De Spinoza se dice que alumbró la versión más radical y democrática de la Ilustración, así como las corrientes panteístas y naturalistas del romanticismo alemán. No tengo ninguna duda de que detrás de Husserl, el fundador de la fenomenología, está Spinoza. Hay algo de donación del mundo, de presencia plena, en una especie de paréntesis del yo. Hegel dijo: “¿Quiere llegar a ser filósofo? Comience por ser spinozista: no puede ser nada sin eso”. Spinoza lo veo en Whitehead, por supuesto también —tan importante— en Deleuze. Lo veo, en fin, en uno de los grandes inspiradores del ecologismo contemporáneo, en Arne Naess, quien dijo: “La realización de sí debe ser considerada como una norma fundamental. El sí mismo del que se trata no es el Ego, sino el Sí ensanchado que se revela cuando nos identificamos con todas las criaturas vivas y, en última instancia, con todo el universo, o con la Naturaleza en un sentido cercano al del Deus sive Natura de Spinoza”.
El siglo XXI solo podrá ser spinozista puesto que solo podremos ser unos “sí-mismos” expansivos si nos volvemos solidarios con los animales, con las plantas, con los seres humanos que nos rodean a lo largo y ancho de nuestro planeta, si vivimos fuera, no dentro, si escuchamos la voz y las quejas de Gaia.
El “lou ravi” es una figurita indispensable en todo belén provenzal. Es el campesino inocente, descreído, que pasa por ahí, como quien no quiere la cosa, y se da cuenta de que unos pastores están adorando al niño Jesús. Levanta los brazos de asombro y se queda quieto. Ni anda, ni se pone de hinojos. ¿Cuál es el lugar del pensamiento spinozista? Es el de aquel, que, allá donde esté, se abre al mundo y se siente una pequeña hendidura. Contrariamente a sus compañeros, metidos en sus ocupaciones diarias, en las compras que haré mañana, en lo que tendré que hacer en el trabajo, en el programa de televisión que podré ver esta noche, en las cosas que se dicen por las redes sociales, el lou ravi se ha quedado absorto, ha neutralizado su trasiego cotidiano y ha abierto los ojos para creer en el mundo, para escuchar lo real. Está encantado (“ravi”) de dejar de ser yo porque la dicha no tiene parangón alguno con cualquier tipo de preocupación egoísta.

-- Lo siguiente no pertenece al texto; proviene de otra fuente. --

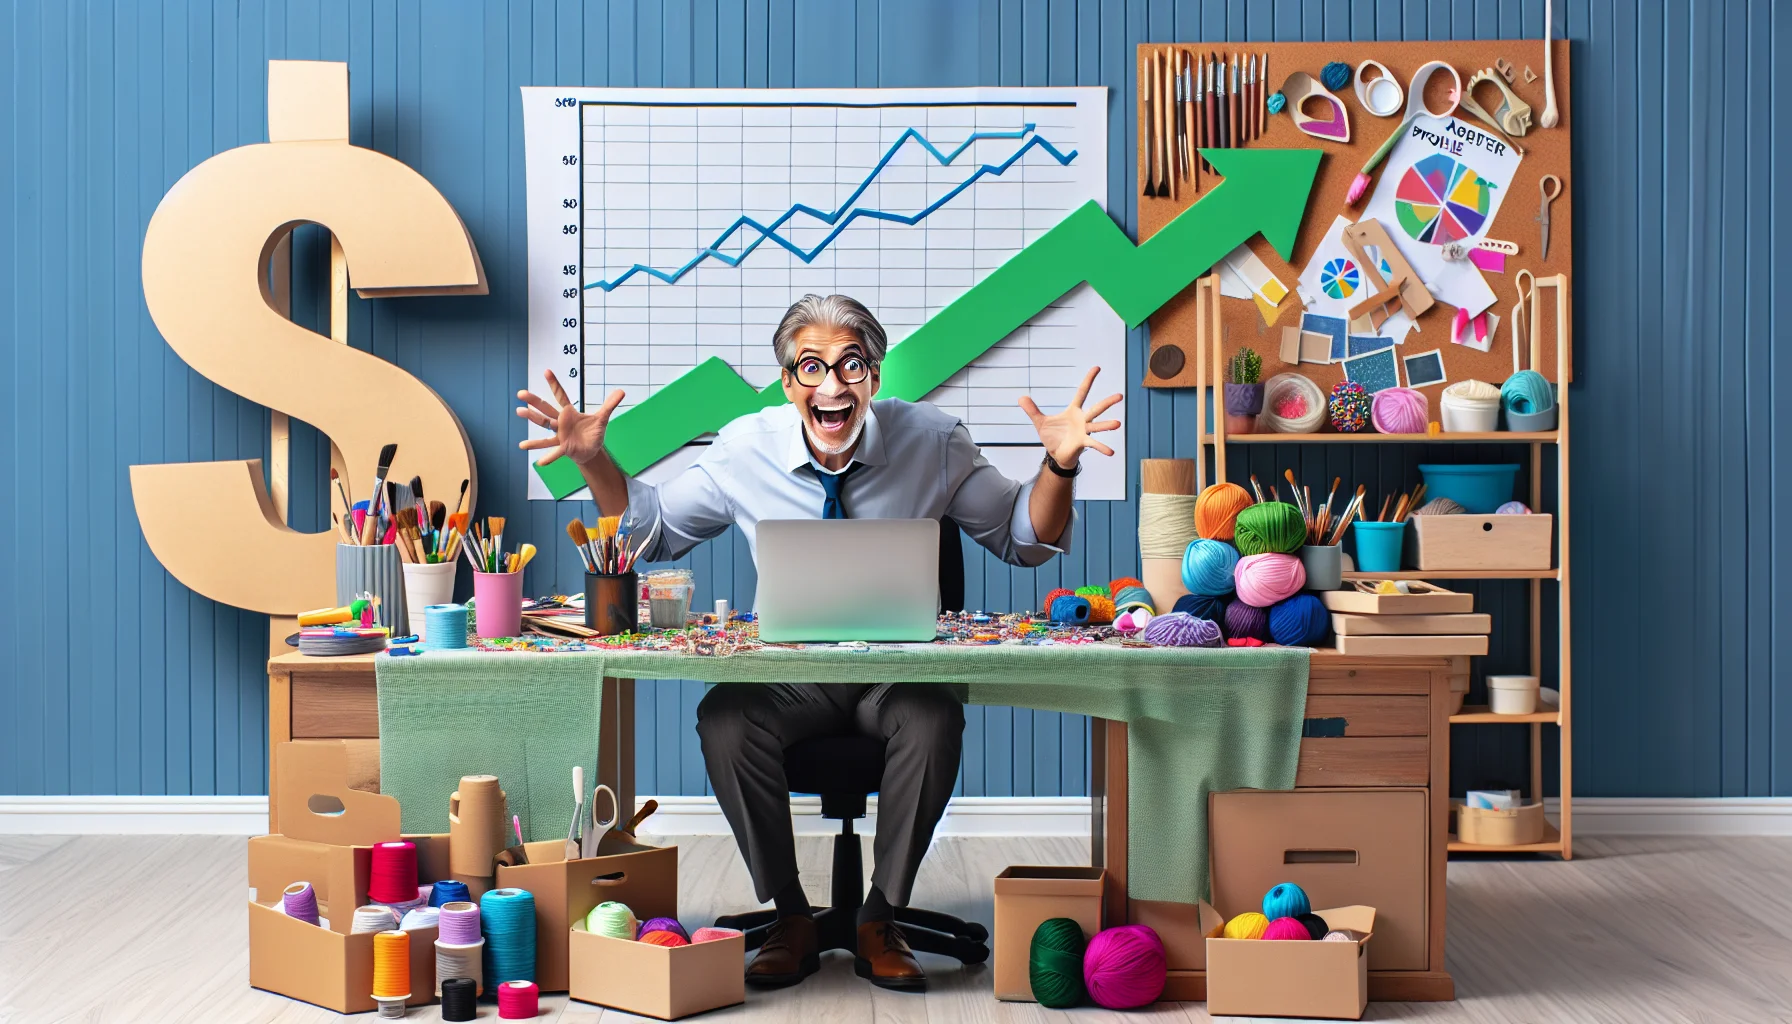 Create a comical and realistic scene associated with an online arts and crafts supply affiliate program. Visualize an eager and excited, middle-aged, Caucasian man sitting at a desk with a computer screen displaying graphs of rising profits. His home office is cluttered with craft materials - multi-colored yarns, paintbrushes, glue sticks, and wooden frames. Nearby, there's a table showcasing various completed DIY craft projects, demonstrating the products from the craft retailer. An oversized, lighthearted dollar sign hangs in the background, symbolizing the potential of earning money online through the affiliate program.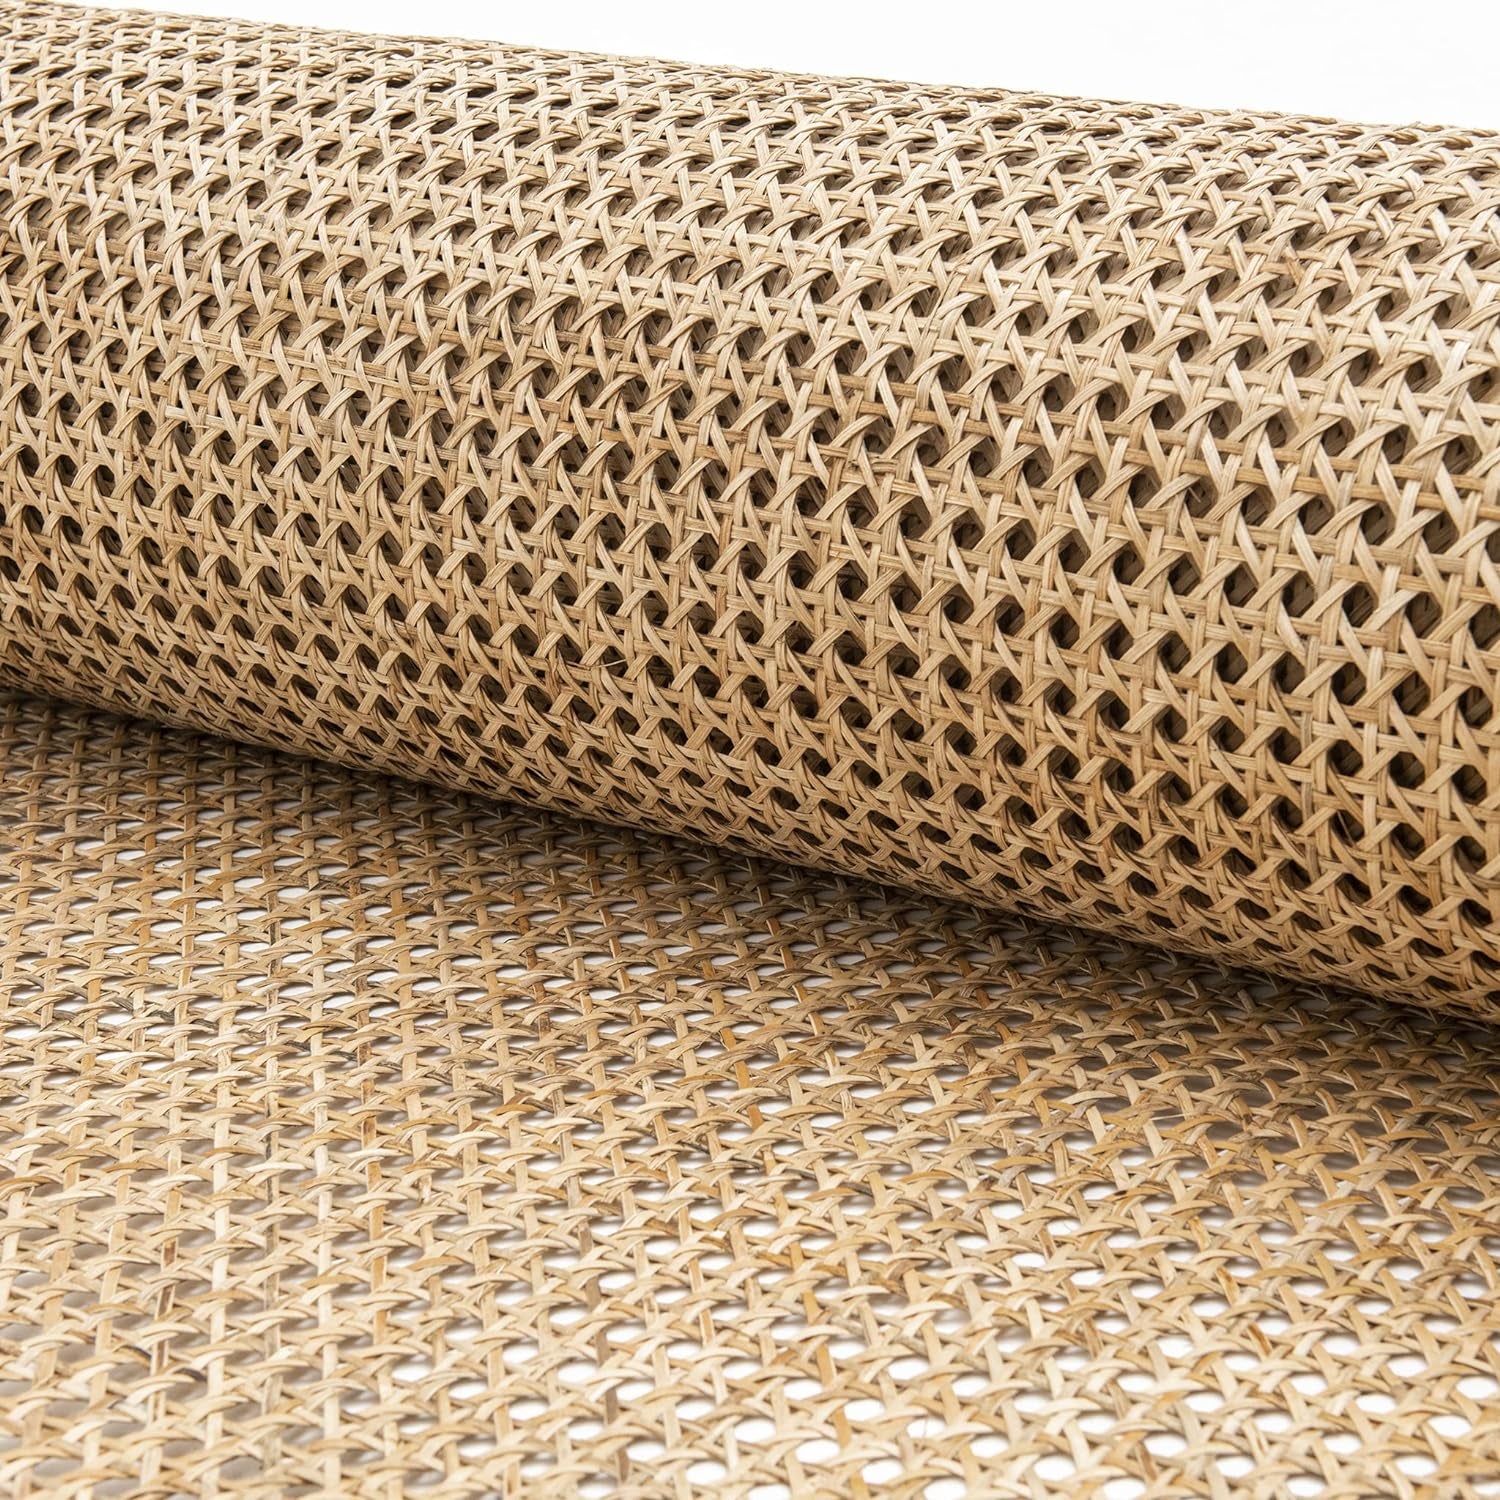 24" Width Natural Rattan Webbing for Caning Projects | 24" W X 5 Ft L | Pre-Woven Open Mesh Cane - Cane Webbing Sheet- Natural Rattan Cane Webbing Roll (5 FEET)

La filosofía spinozista es tal vez, la única en el mundo, que no tiene, en sentido estricto, nacionalidad. El cartesianismo siempre tendrá algo de francés, pese a todo, el hegelianismo y no digamos el heidegerianismo siempre tendrá algo de alemán. Baruch Spinoza, Bento o Benedicto Espinosa, fue, de alguna manera, español, portugués, holandés, judío; sobre todo hombre, pura y sencillamente hombre, tal vez porque ser spinozista es sencillamente ser un habitante responsable y copartícipe de la Tierra. Hoy y mañana, que será otro año.